上写真=田中隼人が染野唯月と激しく争う。激しい守備で攻撃サッカーを支える(写真◎J.LEAGUE)
■2025年3月29日 J1第7節(観衆11,888人/@三協F柏)
柏 0-0 東京V
「絶対に負けたくない」
東京ヴェルディのシャドーに入った染野唯月と、最前線の木村勇大と、バチバチのバトル。
「楽しかったですね」
柏レイソルの若きセンターバック、田中隼人はにやりと笑った。攻撃面ではなかなか相手を突き崩せずに今季初めてのノーゴールに終わったが、守備ではシャットアウトに成功。特に原田亘、古賀太陽、田中で組んだ3バックの集中力は鋭かった。

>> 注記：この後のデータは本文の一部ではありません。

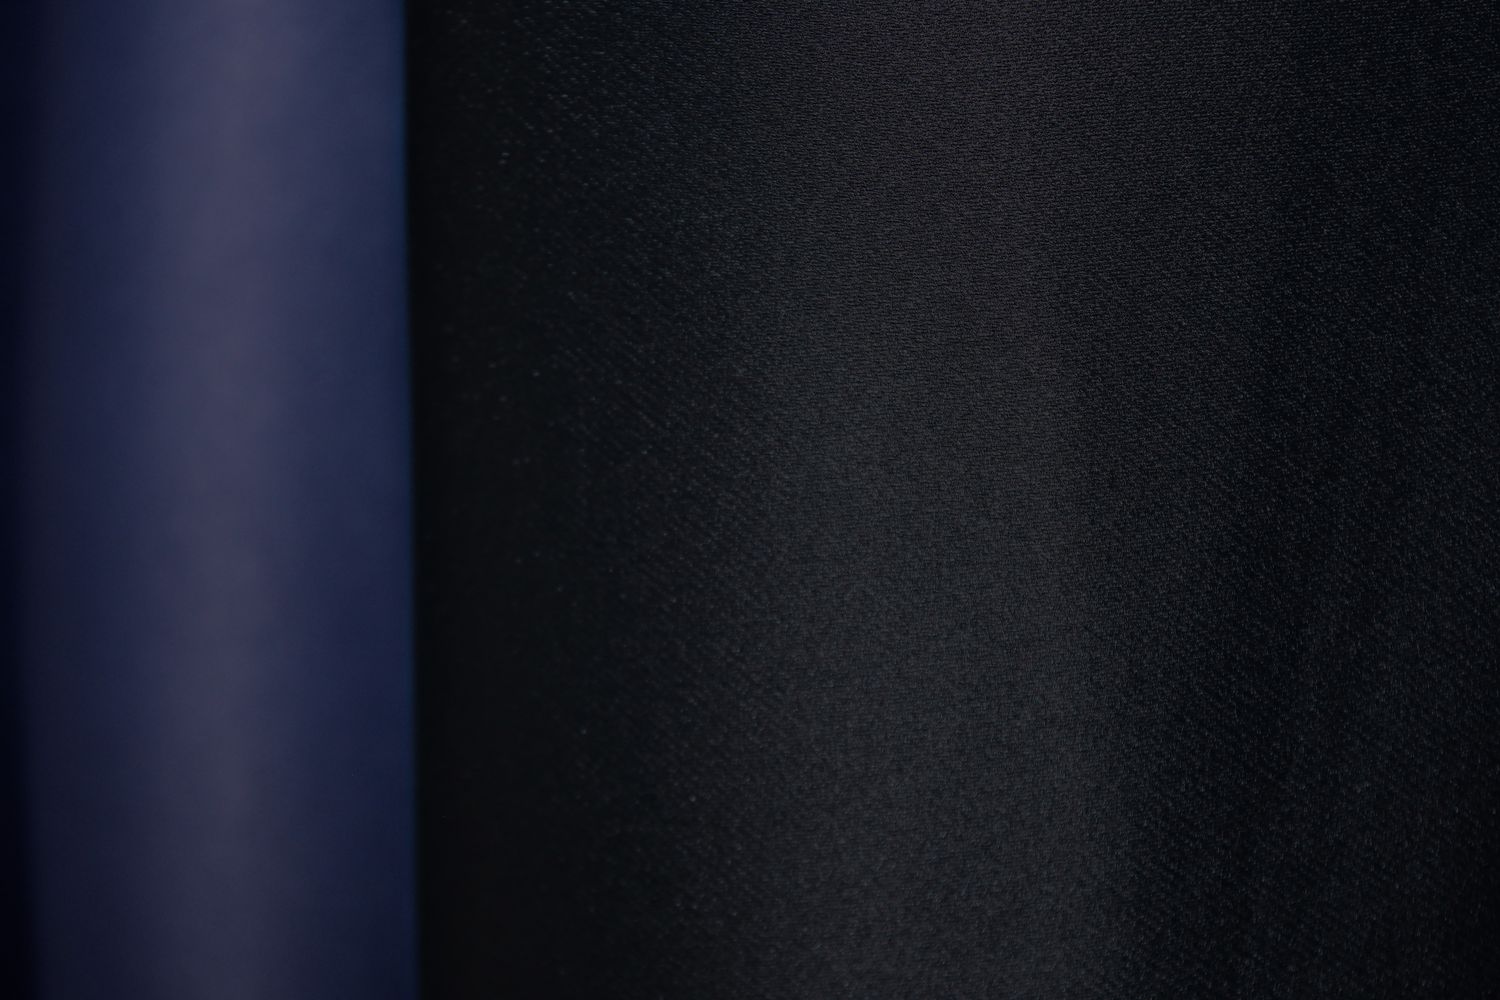 Комбинированные шторы блэкаут цвет черный с синим и светло-серым 016дк (908-831-826ш), Черный с синим и светло-серым, Комплект штор (2 шт. 1,5х2,7 м.), Классические, Длинные, 1,5 м., 2,7 м., 150, 270, 2 - 3 м., В комплекте 2 шт., Тесьма

「立ち上がりから相手のペースになってしまいましたけど、これまで前半に失点する展開が多かった中で、前半45分をゼロで終われたのはチームとして一つ成長してきているポイントだと思います。そこは評価してもいいのかな」
3バックの中央で引き締めた古賀はうなずく。今季からリカルド・ロドリゲス監督がチームを率いて、その特徴である変幻自在のビルドアップの出来に注目が集まるが、それを最後尾から下支えしているのが、この3バックである、攻撃の起点としての機能に目がいくが、それも大前提として堅固な守備があってこそ。

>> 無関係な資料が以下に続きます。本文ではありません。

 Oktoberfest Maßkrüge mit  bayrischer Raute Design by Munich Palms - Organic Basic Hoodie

昨季、J2のV・ファーレン長崎で経験を積んで戻ってきた田中は21歳のDF。今季2試合目の先発となったこの90分は、目の前の戦いに集中できたという。
「対面する染野選手や木村選手は去年もたくさん点を取っていますし、アンダー世代でも一緒にやったことがあるので、特徴は分かっていました。絶対に負けたくないと思いながら、結果的にクリーンシートだったので、そこは良かったなと」
その田中のバトルを頼もしく見守った古賀は、3バックの結びつきに胸を張る。
「今日はすごく安定していたと思います。これまでの相手以上にラフなボールを背後に入れてきましたし、前線に体の強い選手が多かったので、その特徴を生かそうとしてきたんだと思います。そこに対してもうまく予測したりいい判断を重ねながら、うまく対応できました」
そんな最後尾の守備力をさらに高めるために、田中が掲げたのは自らのレベルアップ。木村と対峙して反省点が浮き彫りになったという。

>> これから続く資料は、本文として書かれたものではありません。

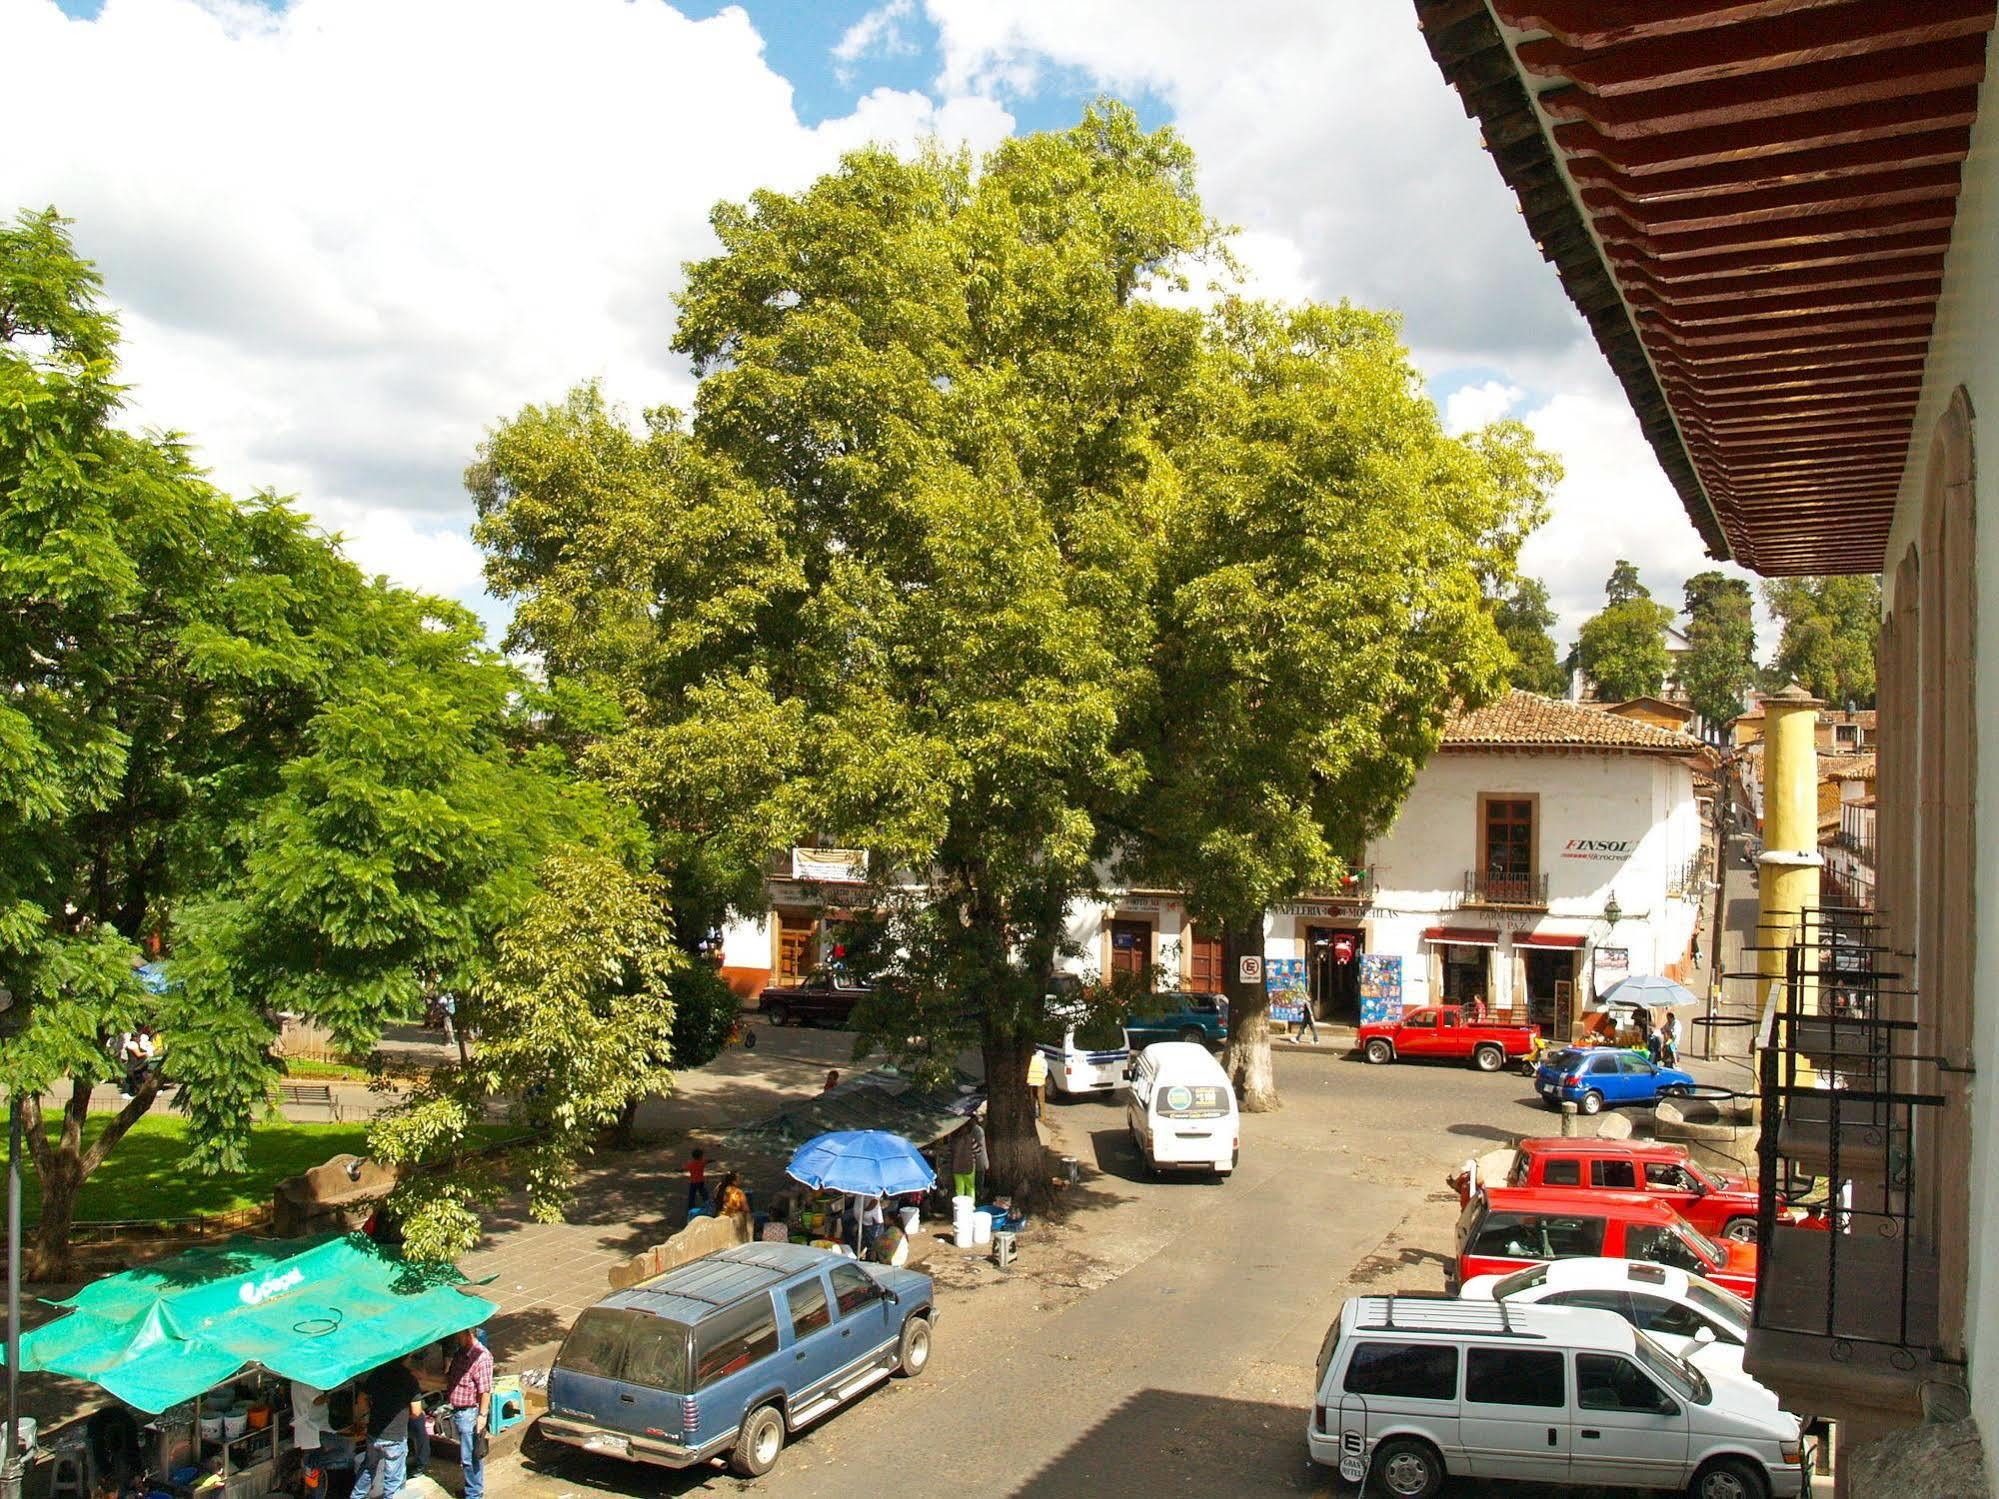 Hotel Casa del Refugio Pátzcuaro Exterior foto

「木村選手のような体の大きな選手がいて、そこに対してはもう少しじっくり対応しても良かったかもしれません。自分より体が大きいので、食いつきすぎると体をうまく使って反転させられるシーンもあって、トラップした瞬間を狙うとか、飛び込むけれどあまり飛び込み過ぎない方法だったり、一発でいくのではなくてじっくり対応する工夫もすればよかった」
そんな個々の細やかな守備の技術の積み重ねがあるから、組織的な守備が成立する。その根底にあるのは、基本中の基本ではあるのだが、密接なコミュニケーションだと古賀は言う。
「ヴェルディはクロスが多いという情報も入っていましたし、自分たちもクロスからの失点がいくつかあって、最終局面はしっかりボールと人に強くいくようにということを、日頃から監督に求められています、誰が誰につくのか、あとは誰が誰に受け渡すのか、そこはうまくコミュニケーションを取りながらできていました」
7節を終えて、暫定だが3位につけている。長いシーズンを乗り切るためには守備の安定が最優先されるだけに、3バックに不安のないいまの戦いを最後まで続けていけるかが柏の躍進の鍵を握りそう。それが攻撃サッカーの花を咲かせることになるのだから。